Here you will learn what is the formula for volume of cone and examples based on it.

Let’s begin –

## What is Cone ?

A cone is a solid which has a circle at its base and a slanting lateral surface that converges at the apex. Its dimensions are defined by the radius of the base (r), the height (h) and the slant height (l).

Also Read : Surface Area of Cone – Formula & Examples

## Formula for Volume of Cone

Volume of Cone = \(1\over 3\) \(\pi r^2 h\)

where r is the base radius and h is the height of the cone.

**Example** : The height and the slant height of a cone are 21 cm and 28 cm respectively.

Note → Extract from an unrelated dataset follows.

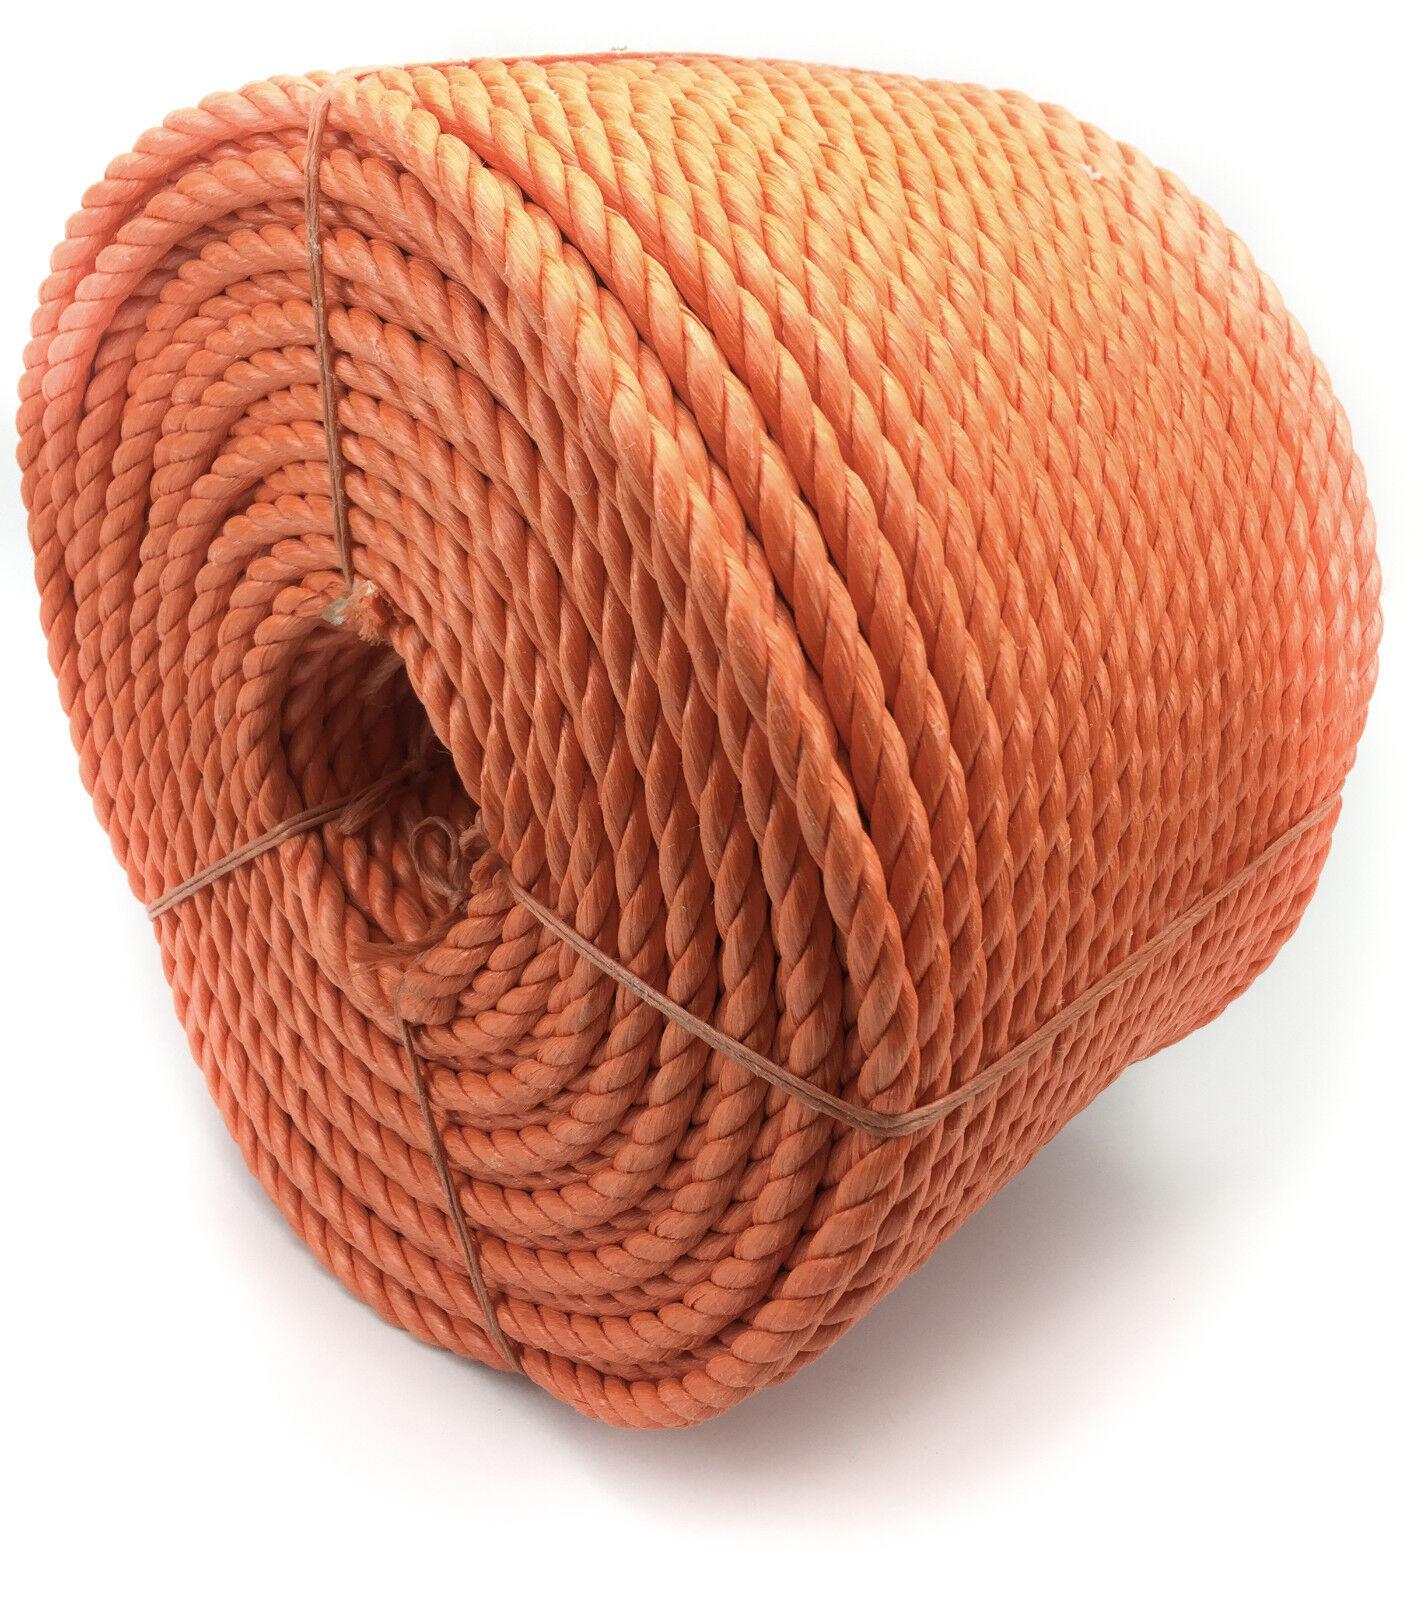 16mm Orange Polypropylen Seil 220 Meter, Poly-Seil Rollen, preiswert Nylon Seil
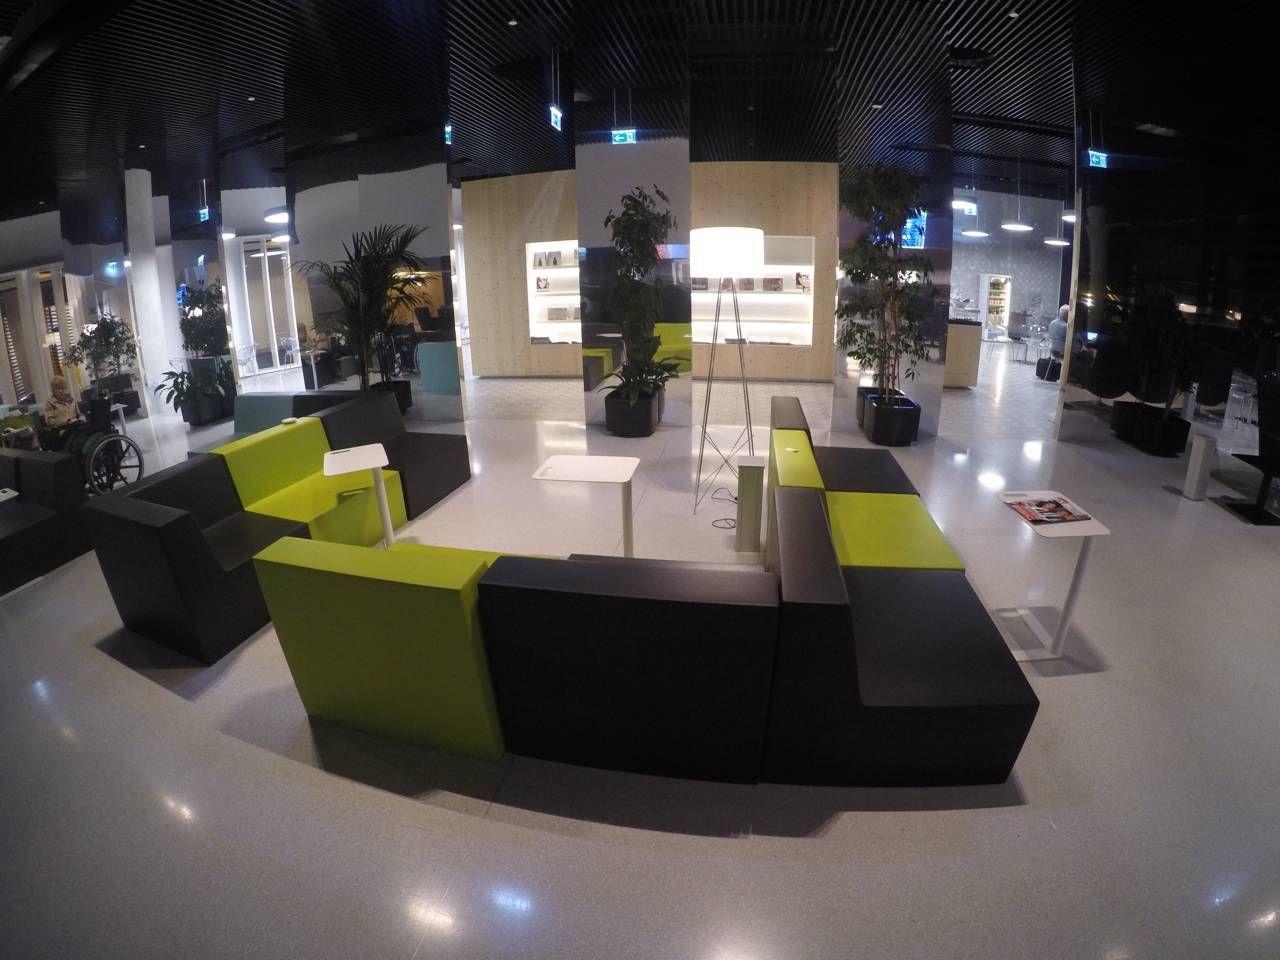 sala vip ana lounge aeroporto de lisboa lis

Find the volume of the cone.

**Solution** : Here h = 21 and \(l\) = 28

We know that, \(l^2\) = \(r^2\) + \(h^2\).

\(\implies\) \(r^2\) = \(l^2\) – \(h^2\)

\(\implies\) r = \(\sqrt{ 28^2 – 21^2}\) = \(7\sqrt{7}\)

So, Volume of the Cone = \(1\over 3\) \(\pi r^2 h\)

= \(1\over 3\) \(\pi \times 343 \times 21\)

= 7546 \(cm^3\)

**Example** : In a marriage ceremony of her daughter Poonam, Ashok has to make arrangements for the accommodation of 150 persons. For this purpose, he plans to build a conical tent in such a way that each person has 4 sq. meters of the space on ground and 20 cubic meters of air to breath. What should be the height of the conical tent ?

**Solution** : Let the height of the conical tent = h metre.

Radius of the base of the cone = r meter.

The tent has to accommodate 150 persons.

The space required by each person on the ground = 4 \(m^2\)

And the amount of air = 20 \(m^3\)

\(\therefore\) Area of the base = 150 \(\times\) 4 = 600 \(m^2\)

\(\implies\) \(\pi r^2\) = 600 \(\implies\) r = 13.817 m

Volume of the air required for 150 persons = 150 \(\times\) 20 = 3000 \(m^3\)

\(\implies\) \(1\over 3\) \(\pi r^2 h\) = 3000 \(m^3\)

\(\implies\) h = \(3000 \times 7 \times 3\over 22 \times (13.817)^2\) = 15 m

Hence the height of the conical tent is 15 m.